In deep learning, we usually deal with huge datasets. When we are writing machine learning functions, we must be sure that our code is computationally efficient, so we always use vectorization. A non-computationally optimal function can become a huge bottleneck in our algorithm and can result in a model that takes ages to run.
To compare vectorized and not vectorized computation time, we create random numbers between 11 and 99. We create two lists:
x1 = np.random.randint(low=11, high=99, size=10000)
x2 = np.random.randint(low=11, high=99, size=10000)
Let's compare DOT implementation with for loops and NumPy library:
# CLASSIC DOT VECTORS IMPLEMENTATION
tic = time.time()
dot = 0
for i in range(len(x1)):
dot+= x1[i]*x2[i]
toc = time.time()
print("Computation time = ",1000*(toc - tic))

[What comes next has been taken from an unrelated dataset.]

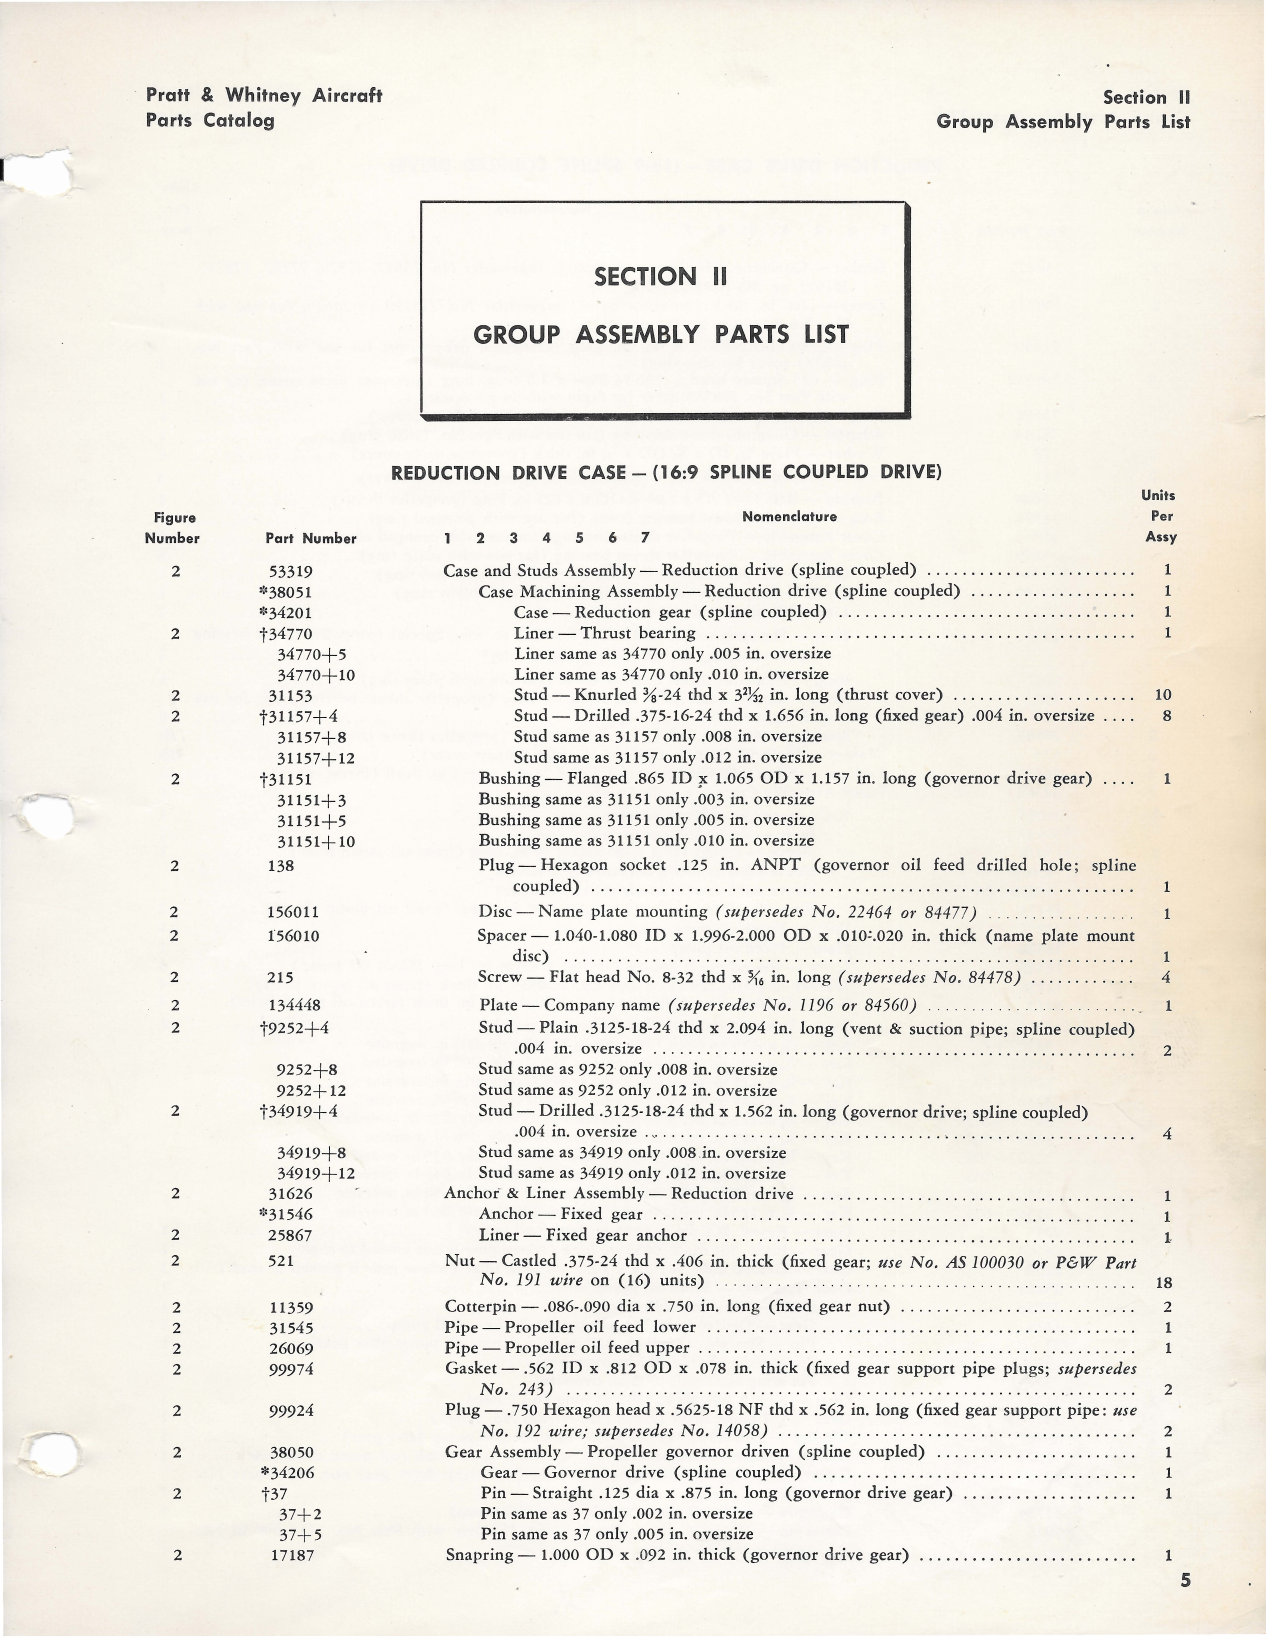 Sample page 7 from AirCorps Library document: Parts Catalog for Twin Wasp R-1830 - S1C3G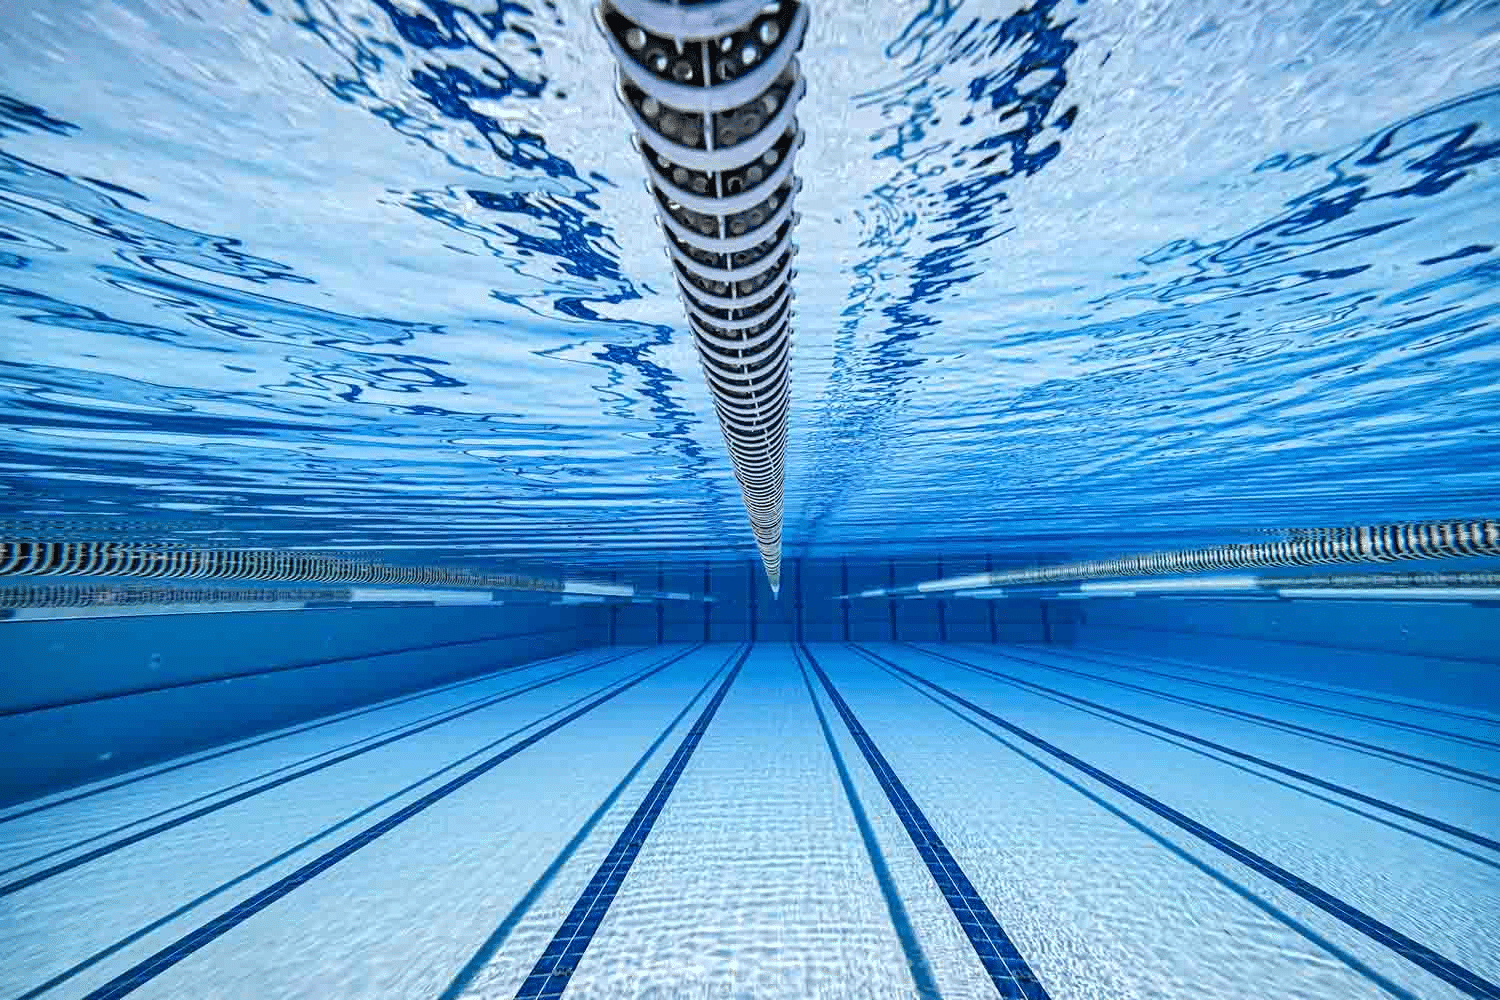 Underwater view of a clear, blue swimming pool showing lane markers and the ripple of water on the surface, with lane ropes extending toward the horizon. | AES - Pool Heating & Energy Efficient Products

# VECTORIZED DOT IMPLEMENTATION
tic = time.time()
dot = np.dot(x1,x2)
toc = time.time()
print("Computation time = ",1000*(toc - tic))
We tried the above code example with examples size=10000. Results were:
Computation time not vectorized: 234.51972007751465
Computation time vectorized: 0.9977817535400391
From our results, we can tell that np.dot
is faster more than 200 times.
Let's compare OUTER implementation with for loops and NumPy library:
# CLASSIC OUTER IMPLEMENTATION
tic = time.time()
outer = np.zeros((len(x1),len(x2))) # we create a len(x1)*len(x2) matrix with only zeros
for i in range(len(x1)):
for j in range(len(x2)):
outer[i,j] = x1[i]*x2[j]
toc = time.time()
print("Computation time = ",1000*(toc - tic))
# VECTORIZED OUTER IMPLEMENTATION
tic = time.time()
outer = np.outer(x1,x2)
toc = time.time()
print("Computation time = ",1000*(toc - tic))
We tried the above code example with examples size=1000. Results were:
Computation time = 747.028112411499
Computation time = 3.990650177001953
From our results, we can tell that np.outer
is faster, close to 200 times.
Let's compare ELEMENTWISE multiplication implementation with for loops and NumPy library:
# CLASSIC ELEMENTWISE IMPLEMENTATION
tic = time.time()
mul = np.zeros(len(x1))
for i in range(len(x1)):
mul[i] = x1[i]*x2[i]
toc = time.time()
print("Computation time = ",1000*(toc - tic))
# VECTORIZED ELEMENTWISE IMPLEMENTATION
tic = time.time()
mul = np.multiply(x1,x2)
toc = time.time()
print("Computation time = ",1000*(toc - tic))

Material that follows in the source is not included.